Mr. Kelly then really got me going with this:
"Group D, featuring Argentina, Croatia, Iceland and Nigeria, looks the
most challenging on paper. Does that excite you? Probably not."
Who are you asking, Mr Kelly. Hopefully, not me. What a group. Apart
from Argentina-Iceland, have you ever watched Nigeria play? Have you
ever noticed how terribly, frustratingly exciting they can be to watch.
For your homework: Argentina-Nigeria, World Cup 2014. And Croatia? What a
joy to watch when they are in full flow. Croatia-Nigeria could be a
roller-coaster classic. And then there's Argentina-Iceland.
Say
it again, as I have many times since Friday. Argentina, Iceland.
Argentina play Iceland in the World Cup. Yes, Iceland may be the
hipster's dream team but consider the football and where they've come
from.
(On reflection, Argentina are also one of those
retro-hipster favourites so that adds another dimension to this clash.
Hipster heaven).
In 1982, the World Cup Champions, Argentina,
were defending their title at the World Cup in Spain. Football fans were
looking forward to seeing the much-hyped, new star of world football,
Diego Maradona. Ultimately, it all ended with a red card and a defeat by
Brazil.
A week before Argentina, World Champions, begun the
defence of their crown, Iceland played a match against Malta. It was not
a friendly. It was the first qualifying match for the European
Championships of 1984. It was a match between two teams who would battle
to not finish bottom of their qualifying group, again. Malta won 2-1
and nobody outside of Malta or Iceland really noticed. A meaningless
match between minnows.
Iceland's status as minnows did not change
for many years. In 1986 as Maradona led Argentina to their second World
Cup. Iceland were still not a country of any football significance.
Netherlands, the behemoth, were also not at that World Cup, just as they
had not qualified in 1982.
Iceland got a few mentions when
Eidur Gudjohnsen was banging in the goals for Chelsea and Barcelona from
2000-2009. Iceland were making progress now but they weren't really on
anybody's radar until they made it the 2014 World Cup qualifying
play-offs. That amazing progression from minnow to second place in a
qualifying group could have been luck. But what happened after that,
Euro 2016 and making it to Russia, is not only, of course, history but
maybe the start of something bigger.
So consider that Mr Kelly,
the story behind how Argentina and Iceland came to be playing each other
at a World Cup when you are watching on June 16th. And add this to it
as well: on one side Messi, Aguero, Higuain, Di Maria against Sigurdsson
(famous only because he is their current biggest name) and ten other
players who's names most of us will never remember. One of them, Birkir
Bjarnason, can't even get into Aston Villa's team in the English second
division. You have to be a football fan to get excited by the prospect
of what could happen when these two, so very different, teams meet.

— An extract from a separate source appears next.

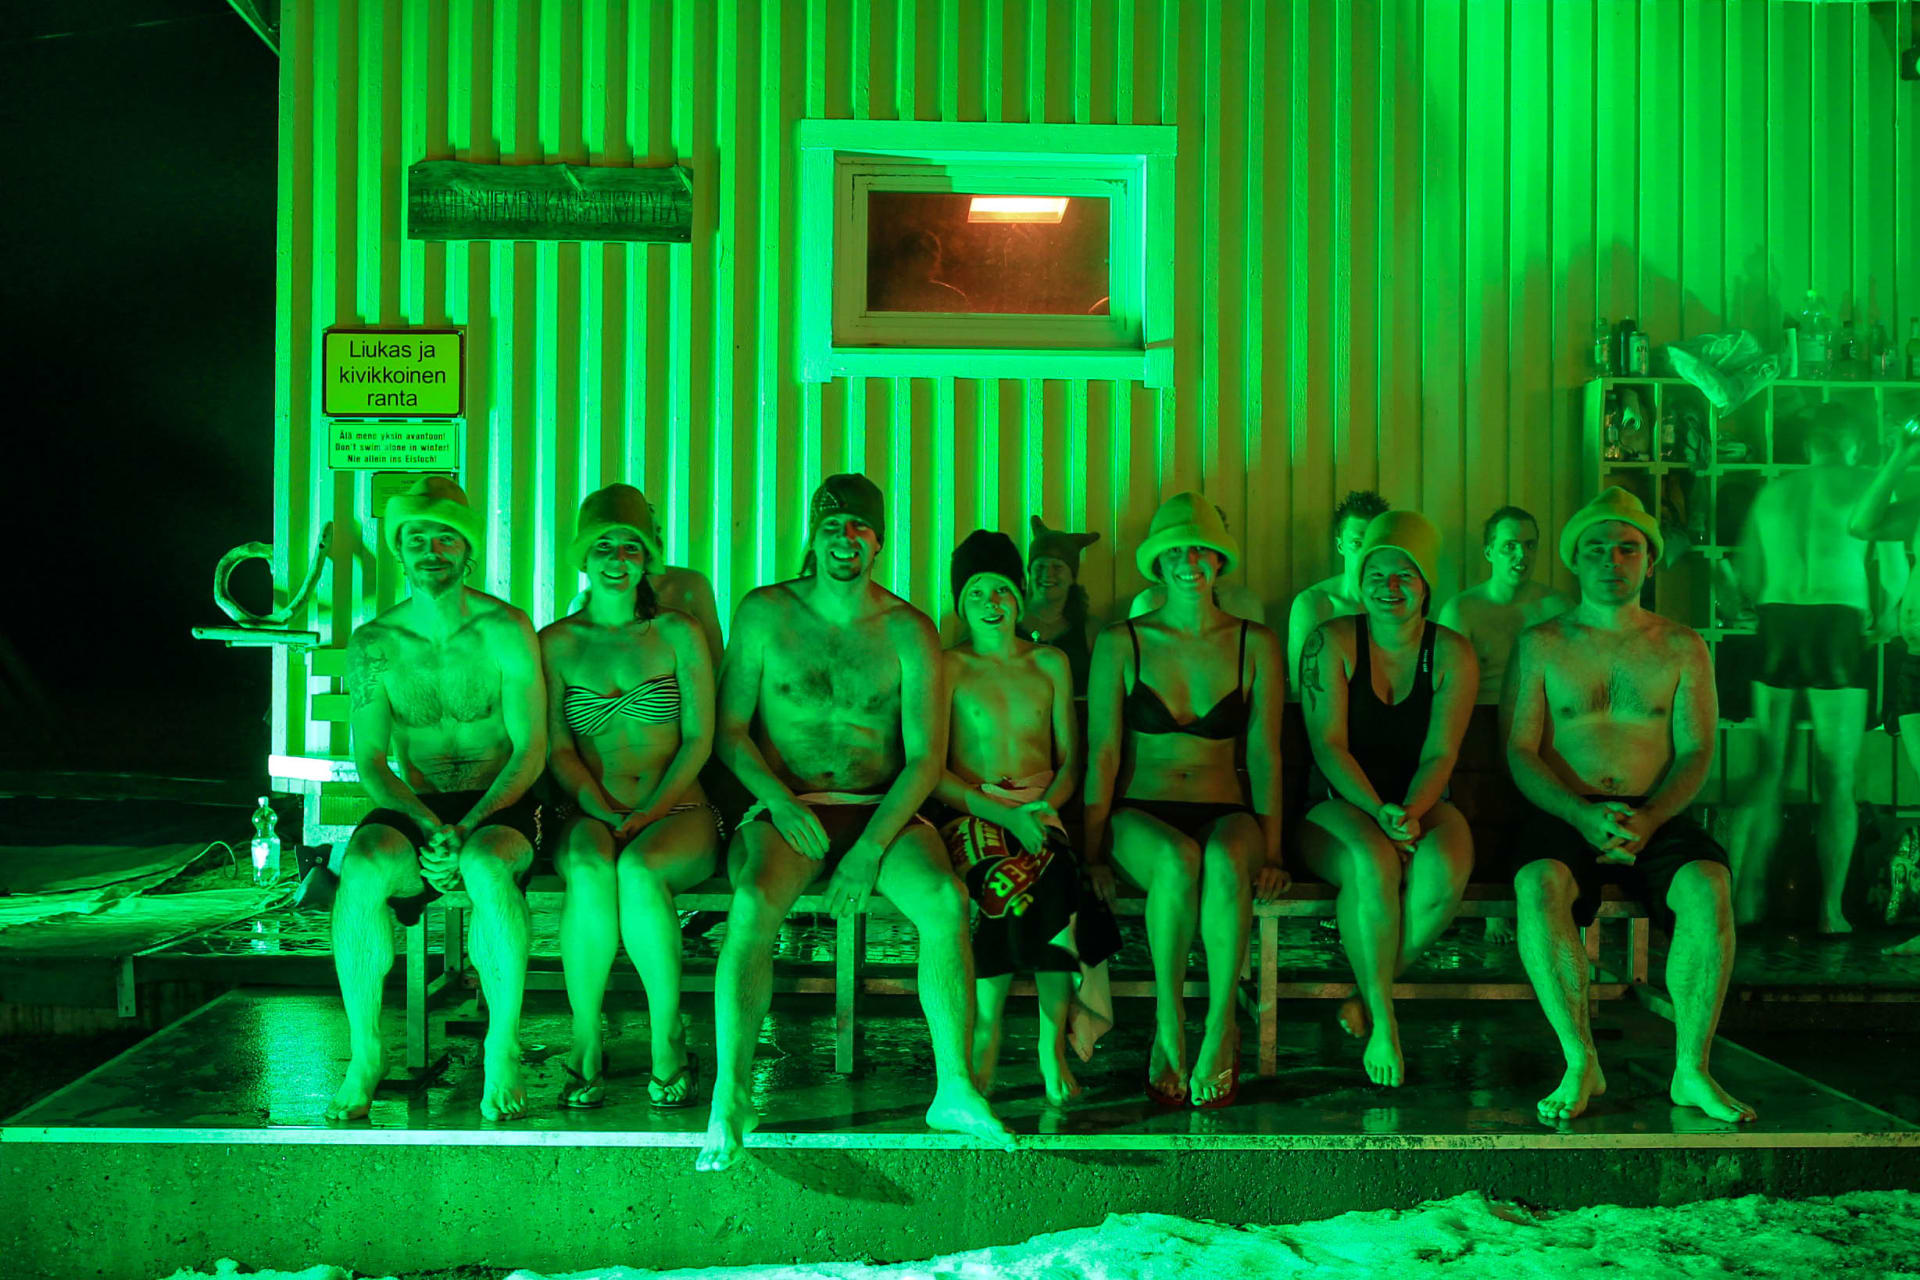 Saunojat vilvoittelevat ulkona tunnelmallisessa, vihreässä valossa kylki-kyljessä.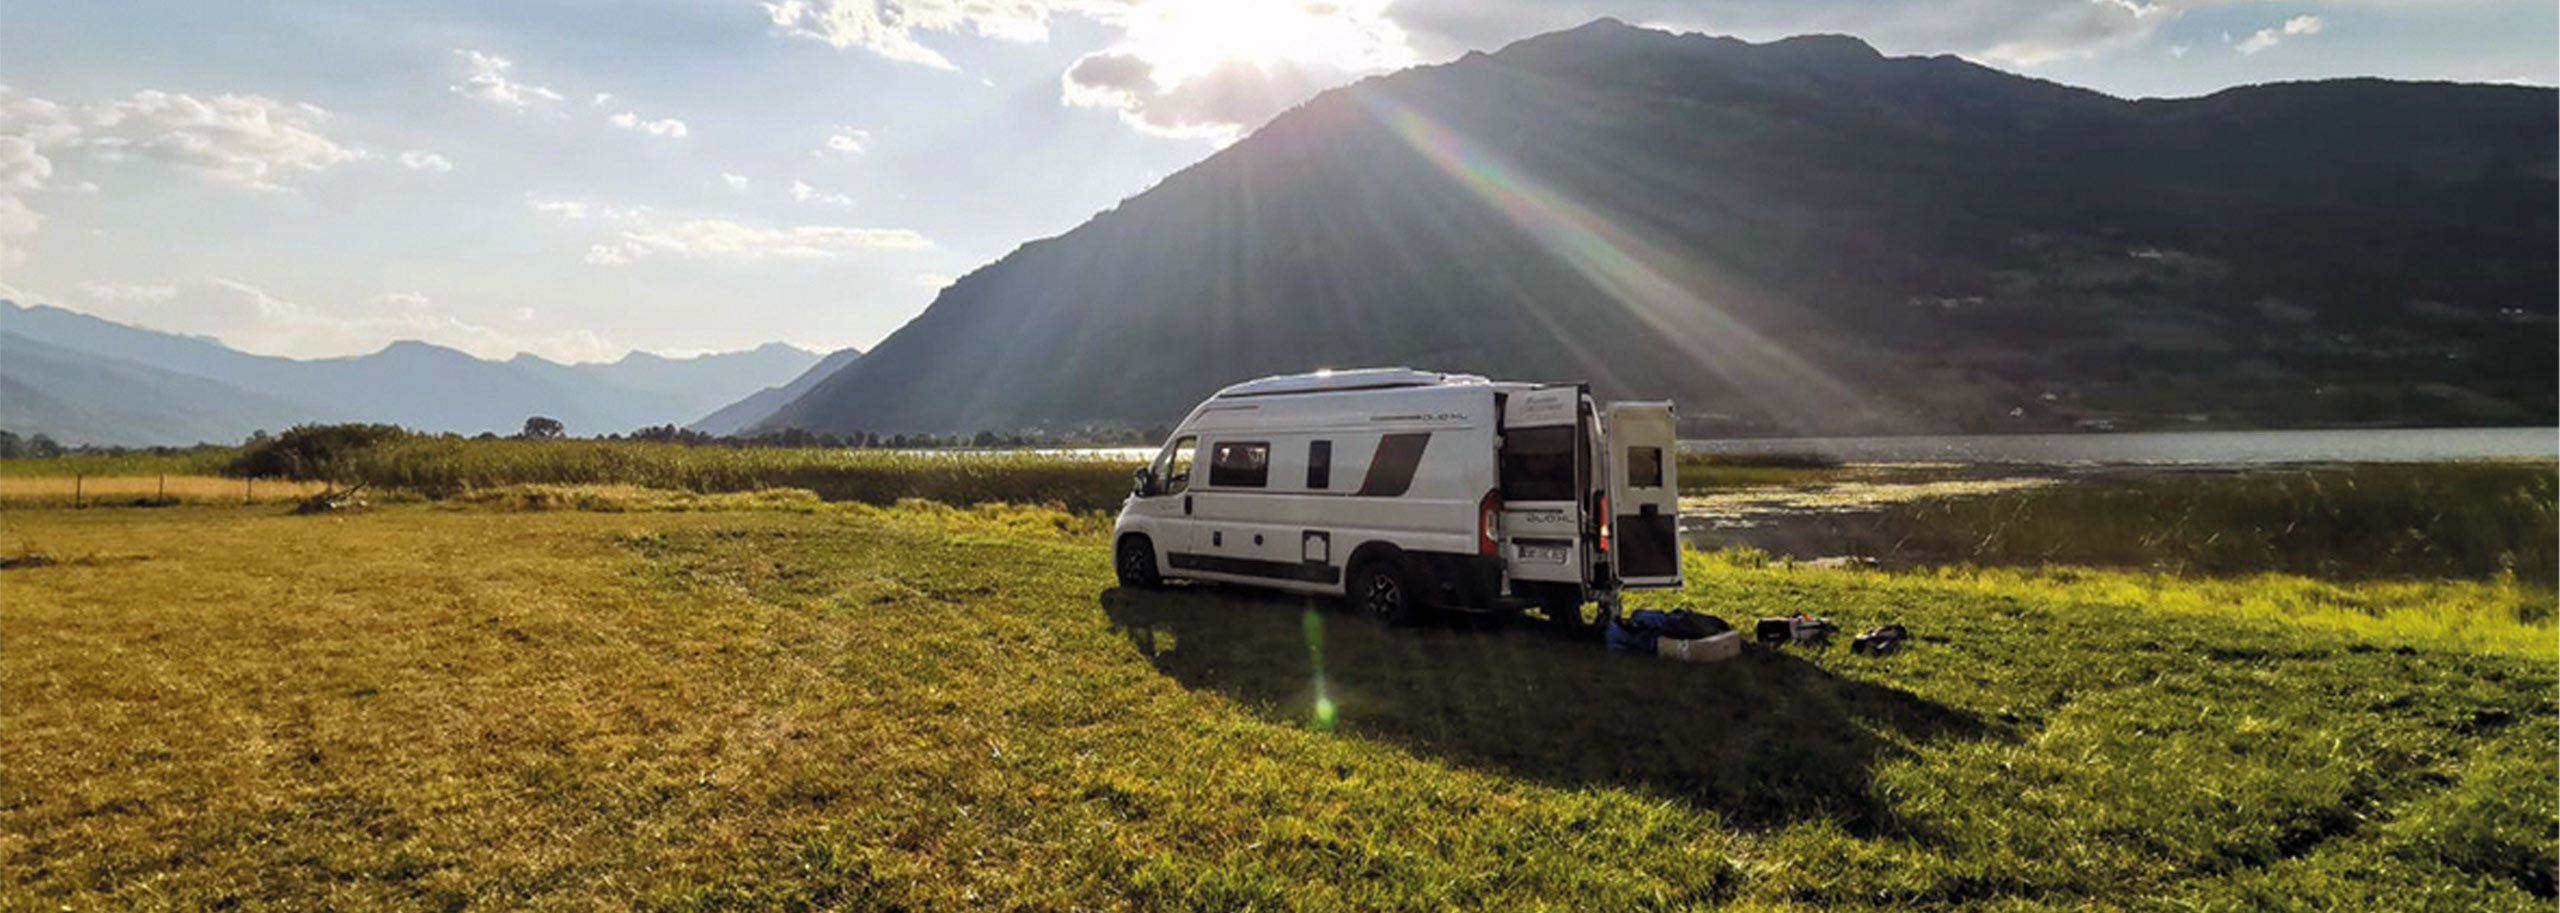 Ein Campervan stehend auf einer freien Wiese im Sonnenlicht vor einem Berg

More homework for you, Mr Kelly. Or do you remember the famous
Norwegian commentary after Norway beat England in 1981? "Margaret
Thatcher, your boys have taken one hell of a beating", and all that.
Aren't you excited by the possibility of an Icelandic version of it.
"Diego, God will not lend you his hand anymore. Now it is ours!"
Roll on June 16th. Where will you be, Mr Kelly?
(I have to save Benevento and Alberto Brignoli for tomorrow. They deserve their own day).